The sun was low enough that the light was still warm and, to my eye, a bit buttery. I focused on moment of action – flapping to dry wings, short flights across the pond and a couple of chases.
Goldeneyes at Weaselhead
I walked around Calgary’s Weaselhead Natural Environment Park this morning. The park is where the Elbow River spreads out across the flats into a delta threaded with smaller streams that drain into the Glenmore Reservoir. At the first bridge I crossed over, I noticed several female Common Goldeneyes (Bucephala clangula) floating around. I watched them flying up to this nesting box gone slightly askew. It seemed they may have enjoyed the view from this spot .

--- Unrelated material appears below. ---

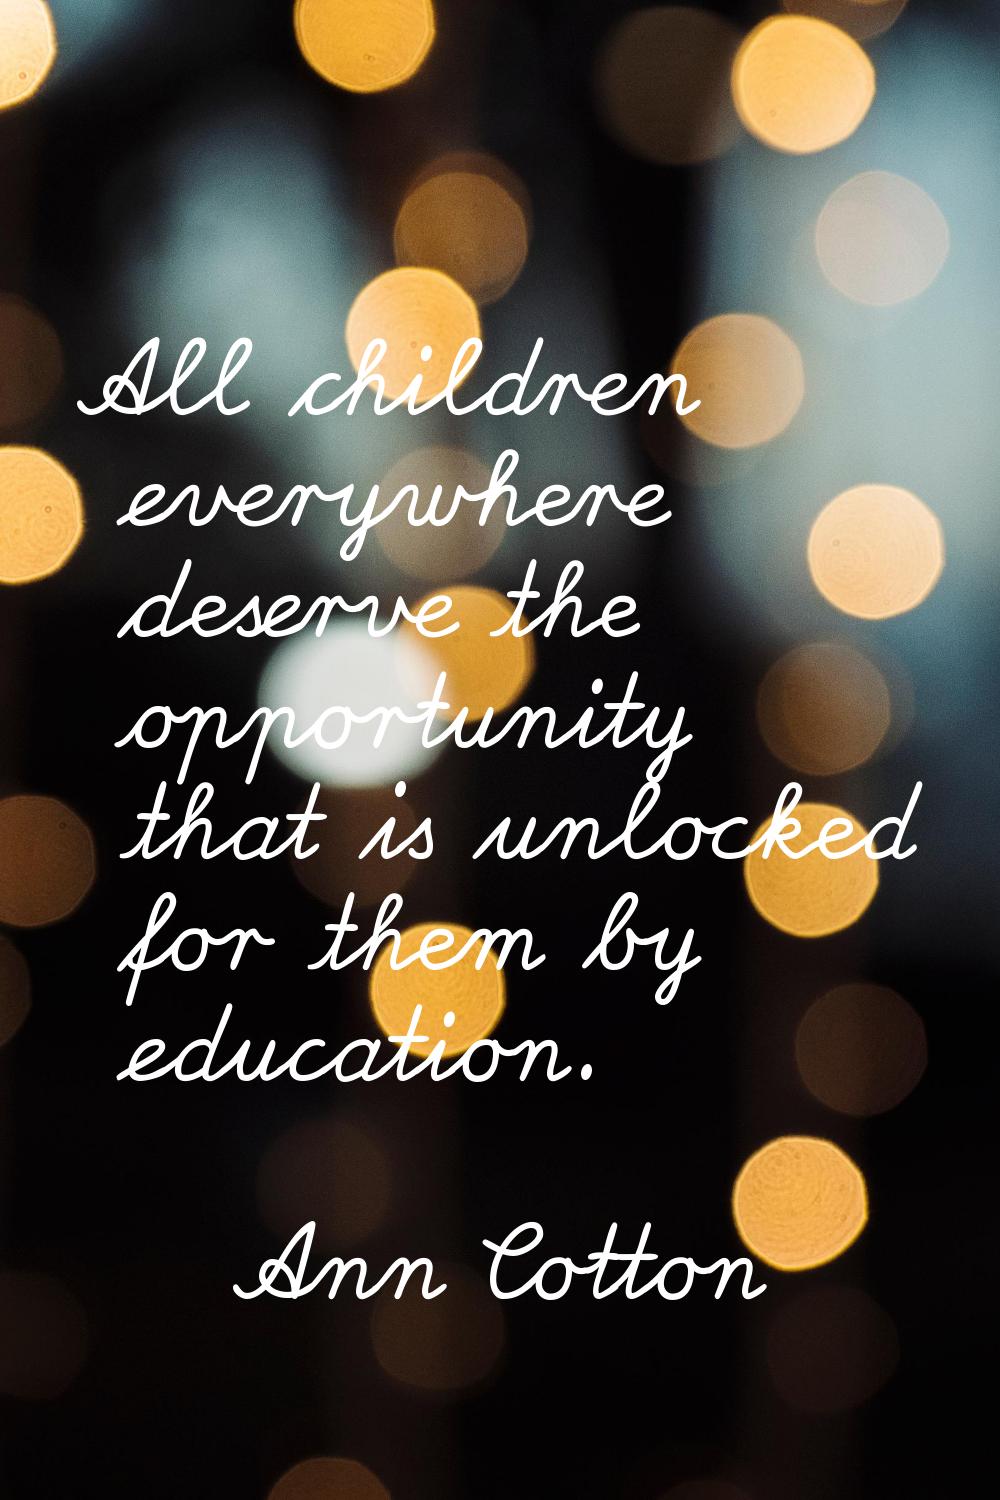 All children everywhere deserve the opportunity that is unlocked for them by education.

When one would fly away it wouldn’t take long before a new duck stopped in. It seemed like I could hear murmurings about possession being 9/10ths of the law. However determination won a little longer rest on the perch for one of the Goldeneyes. She held her ground, flapped the wings and the would-be usurper flew back down to the river.
These three ladies threw some interesting looks at me, each other and across the river.
Wood ducks at the Reifel Bird Sanctuary
I have always loved the crazy colours and patterns displayed by the male Wood duck (Aix sponsa). They have been somewhat elusive in the areas I am typically out photographing wildlife. When I was at the George C. Reifel Migratory Bird Sanctuary a couple of weeks ago, I came across a raft of them paddling around a chain of small ponds sheltered by overhanging branches above and reeds behind.
The ripples in the water and the distorted reflections served as a chaotic yet still suitable background to photograph these beautiful birds. I stopped and enjoyed almost an hour of watching these fellows swim, waddle and chase one another as well as their better halves. The weather picked a great time to cloud over and the diffused, even light allowed those colours and the textures in the feathers to own the stage in several of the images.
One of the last ones I photographed before moving on caught my eye as it hopped out of the water onto a log jutting out of the water. After shaking himself off, he cocked his head and fixed me with this one-eyed stare. The stare, his body posture along with the tail feathers slightly askew suggested a bit of a character and he was a fitting model to finish this duck encounter with.